> SOURCE RECORDS
───
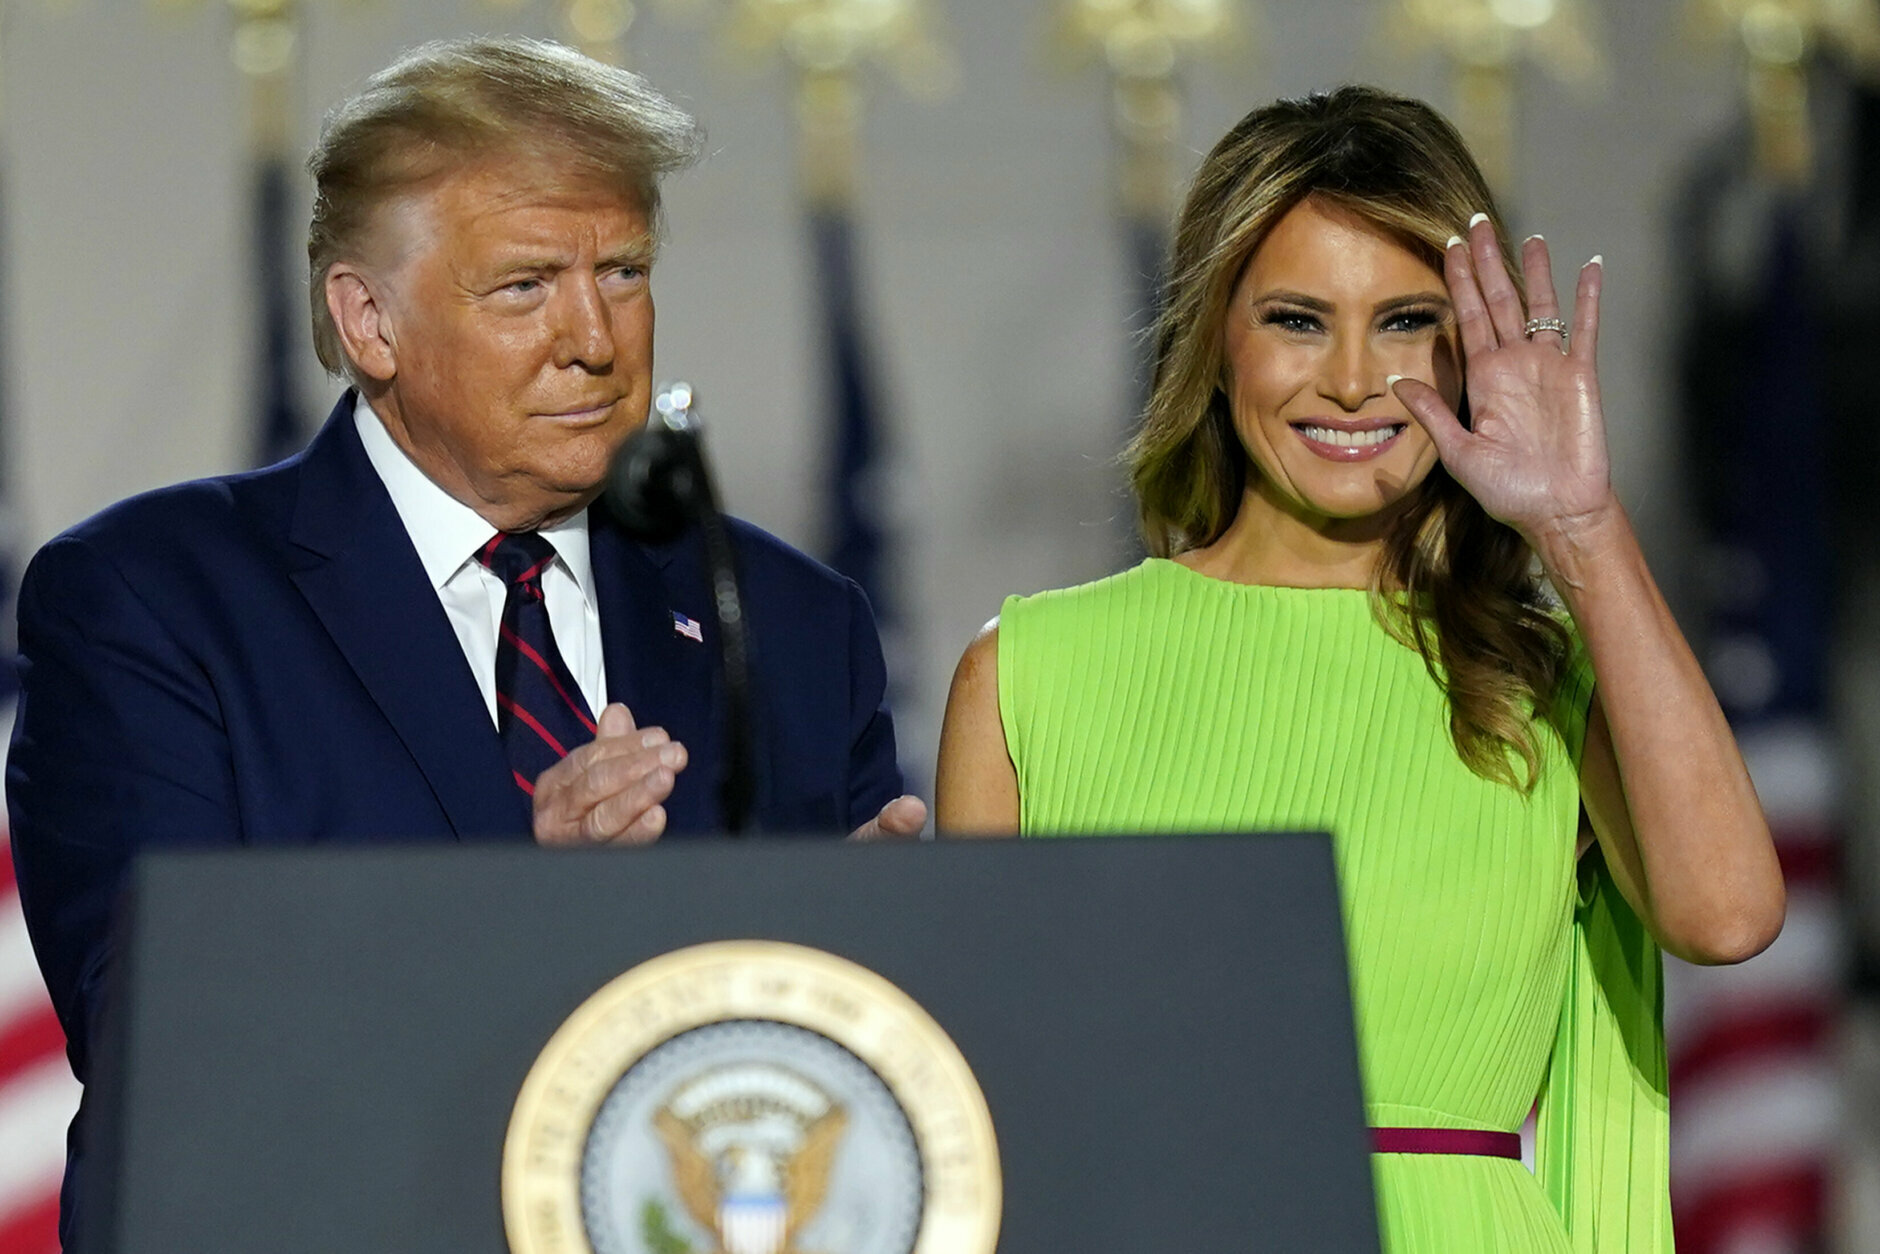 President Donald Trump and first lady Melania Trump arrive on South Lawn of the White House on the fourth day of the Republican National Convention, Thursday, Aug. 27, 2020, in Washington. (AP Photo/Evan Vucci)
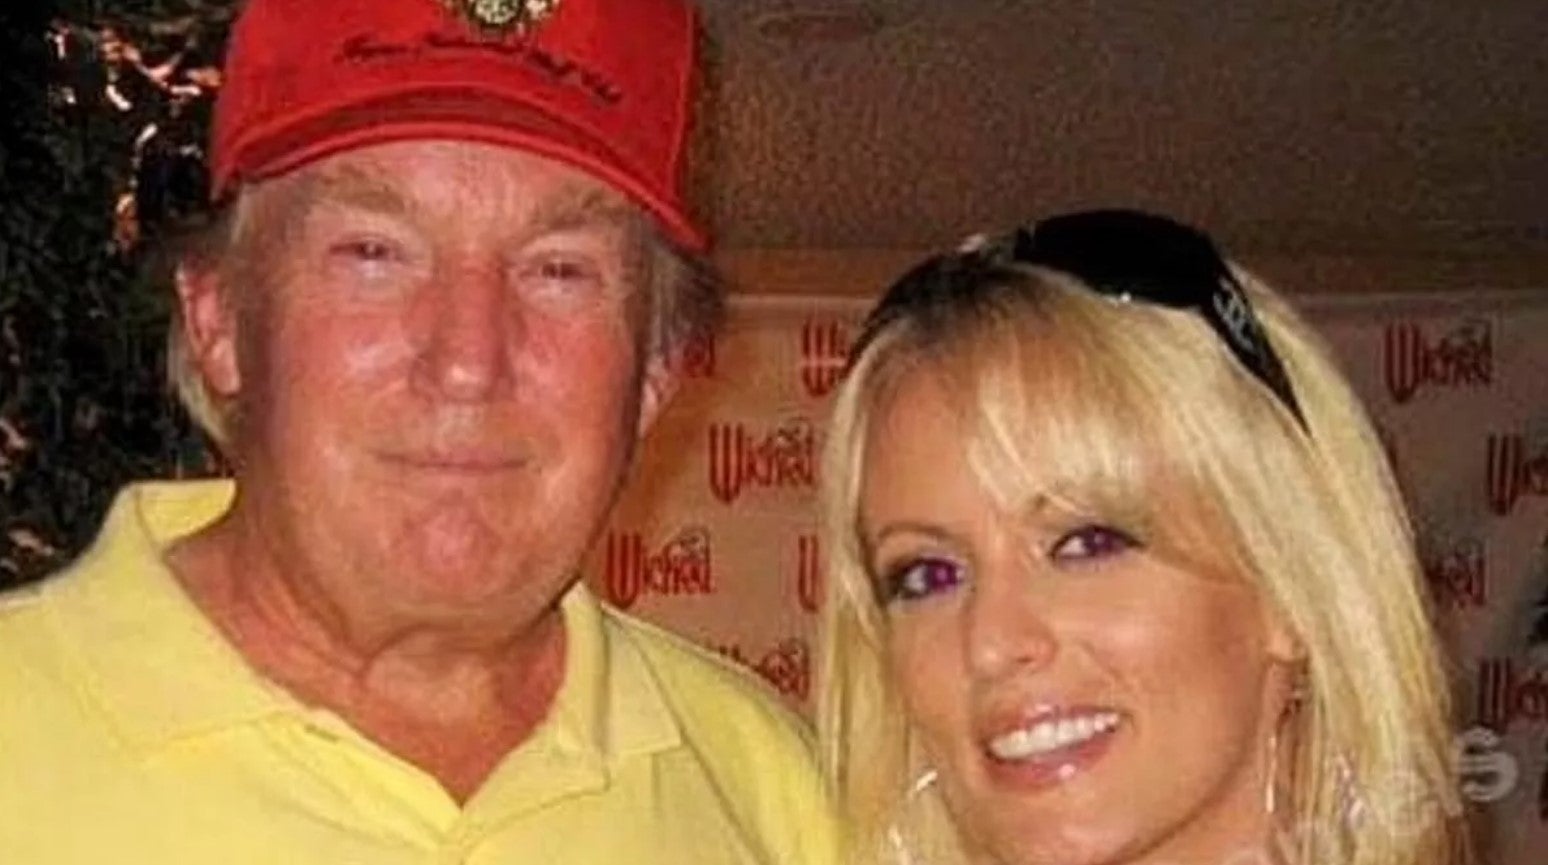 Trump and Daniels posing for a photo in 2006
───
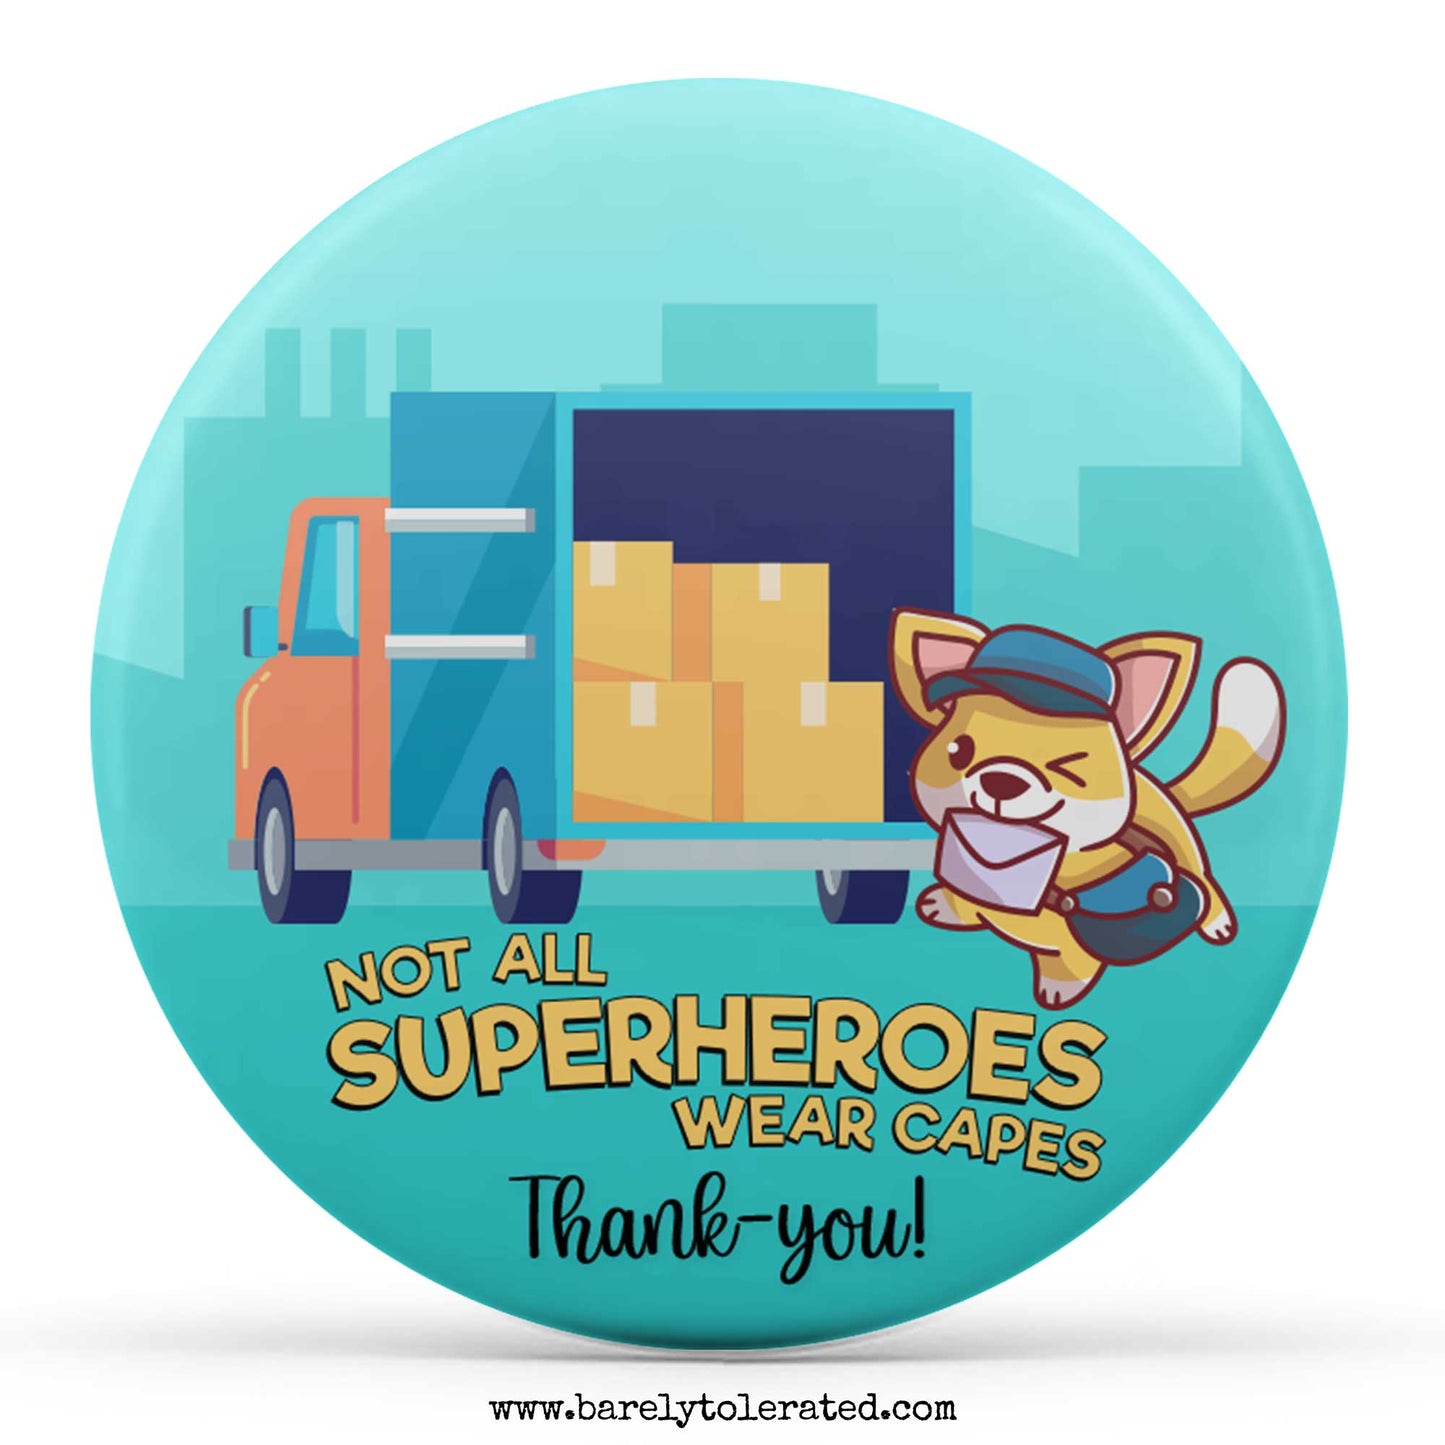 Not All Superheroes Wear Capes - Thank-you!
───
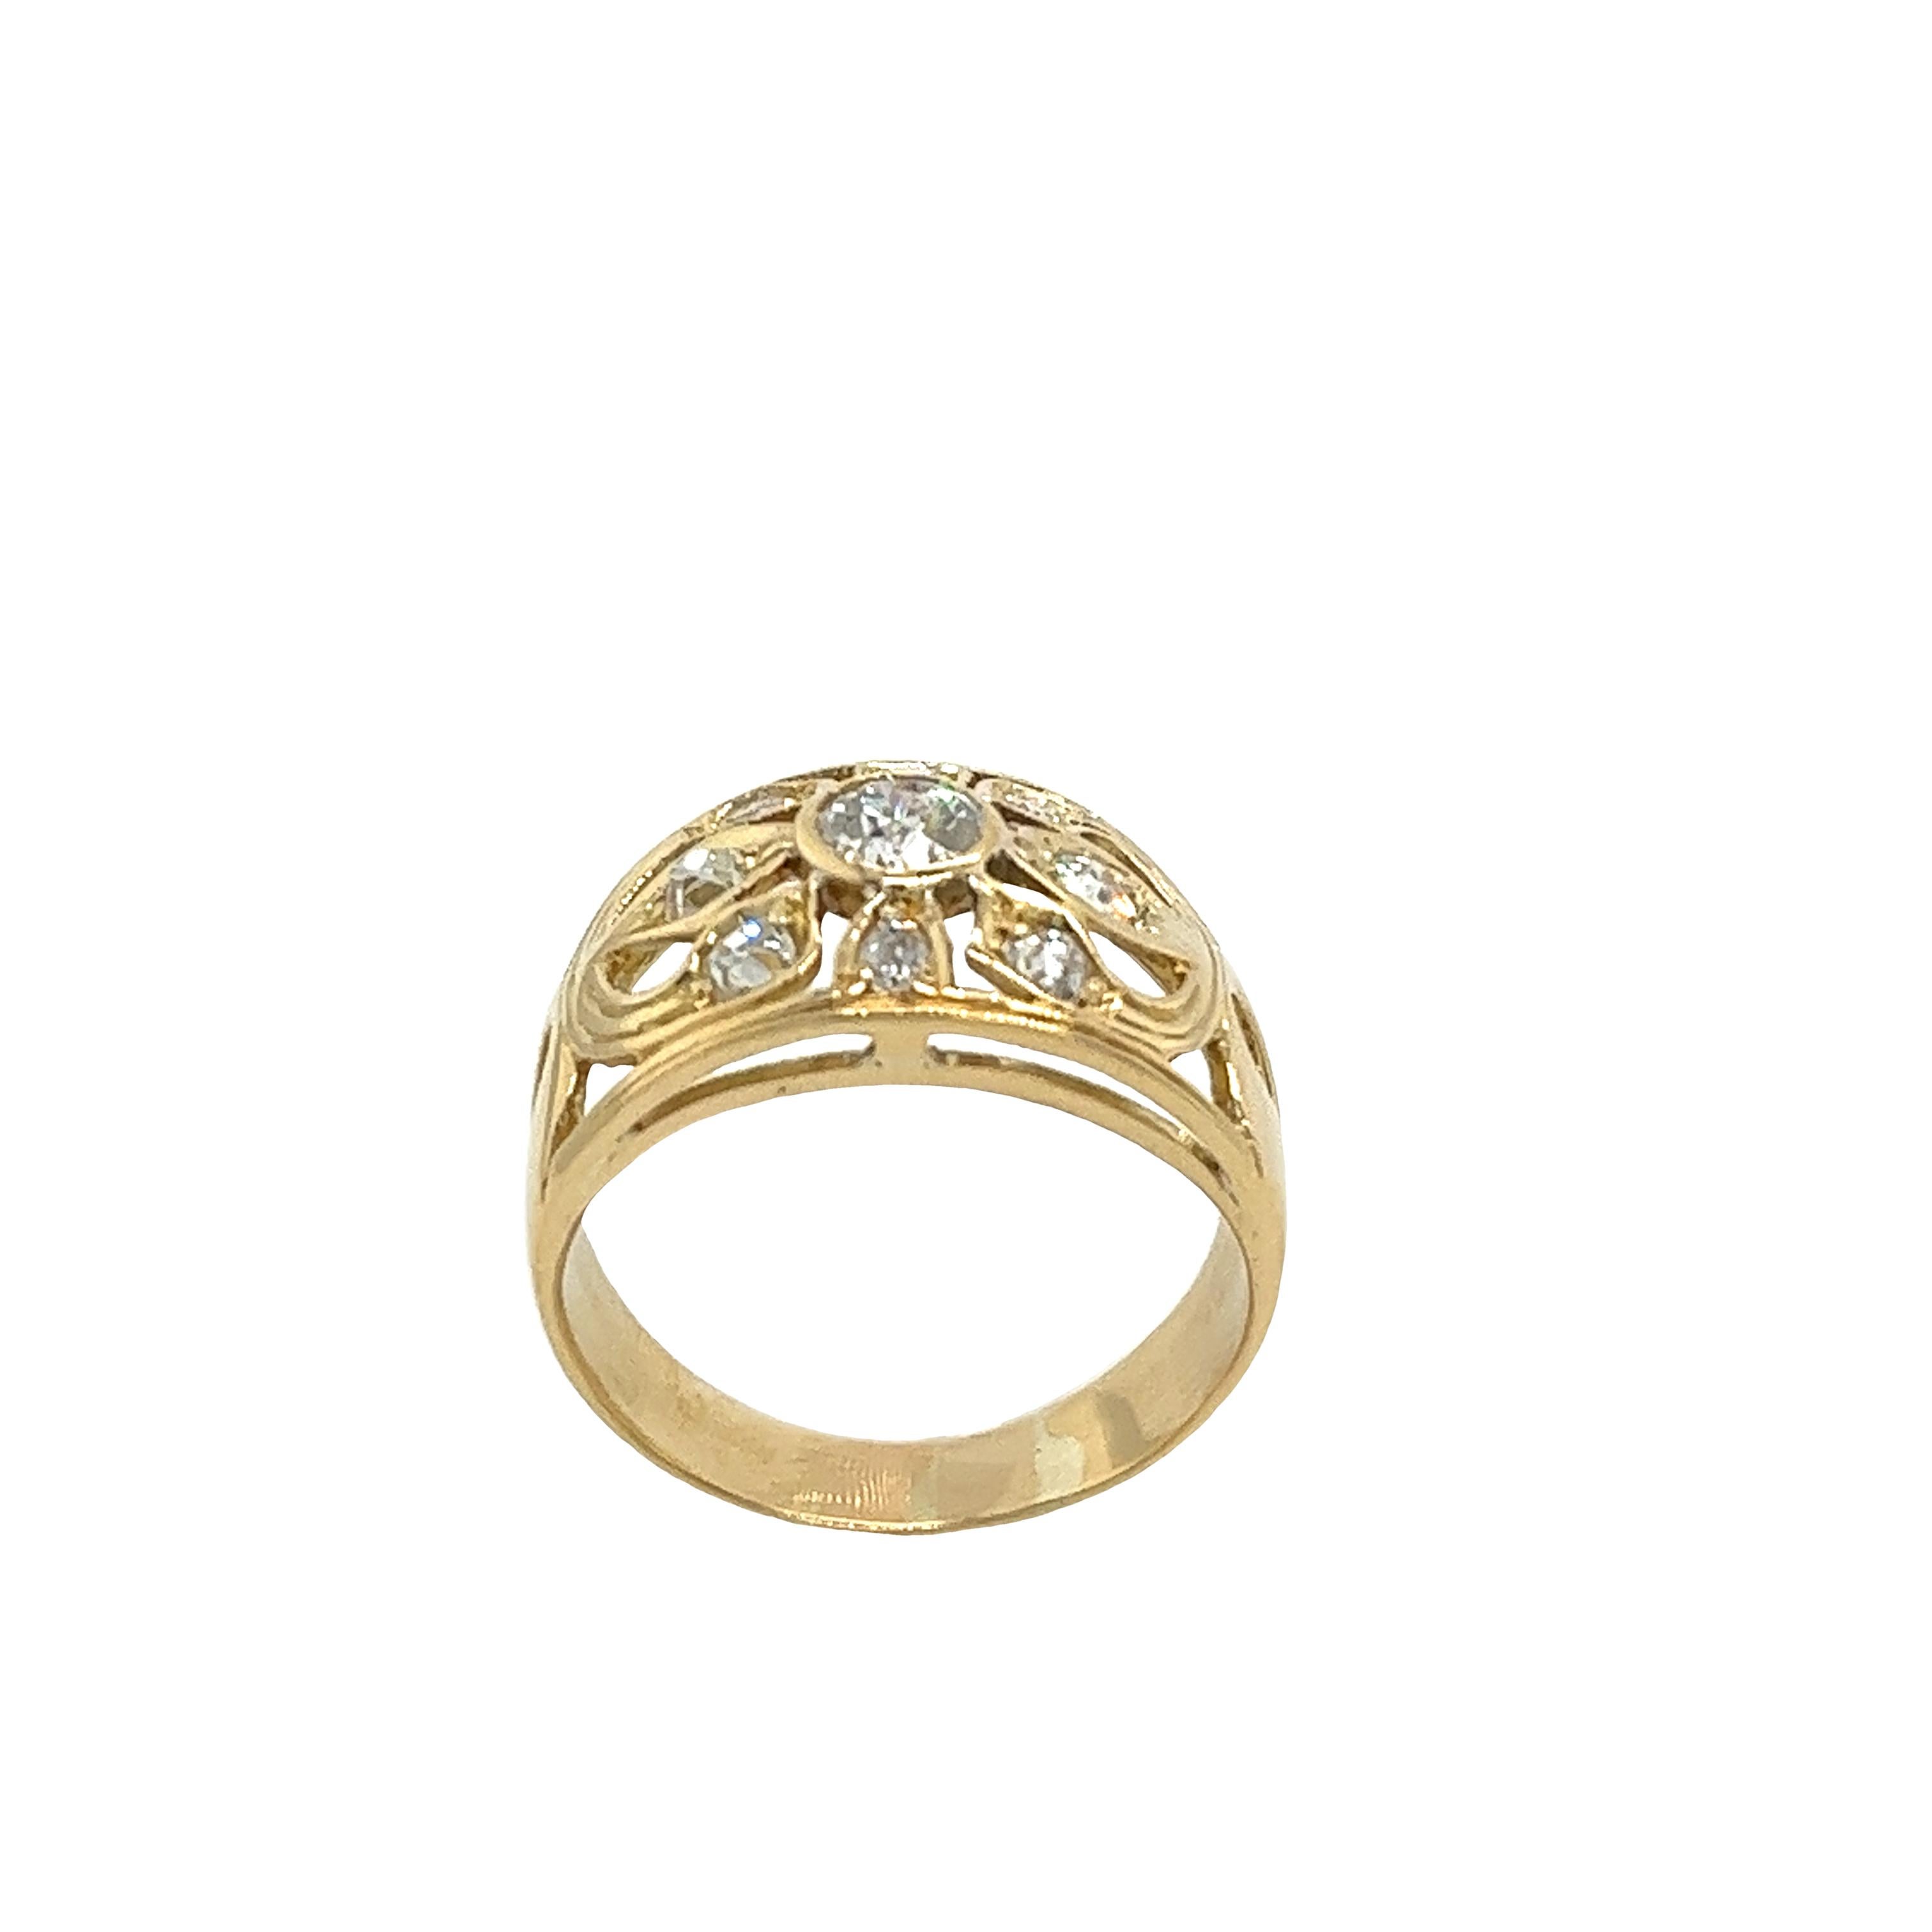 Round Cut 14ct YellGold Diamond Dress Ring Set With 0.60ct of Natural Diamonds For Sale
───
Give again the stretch of the entries above that begins at the line with "President Donald Trump" and ends at the line with "Trump and Daniels posing for a photo in 2006", word for word, with no pictures.

 President Donald Trump and first lady Melania Trump arrive on South Lawn of the White House on the fourth day of the Republican National Convention, Thursday, Aug. 27, 2020, in Washington. (AP Photo/Evan Vucci)
 Trump and Daniels posing for a photo in 2006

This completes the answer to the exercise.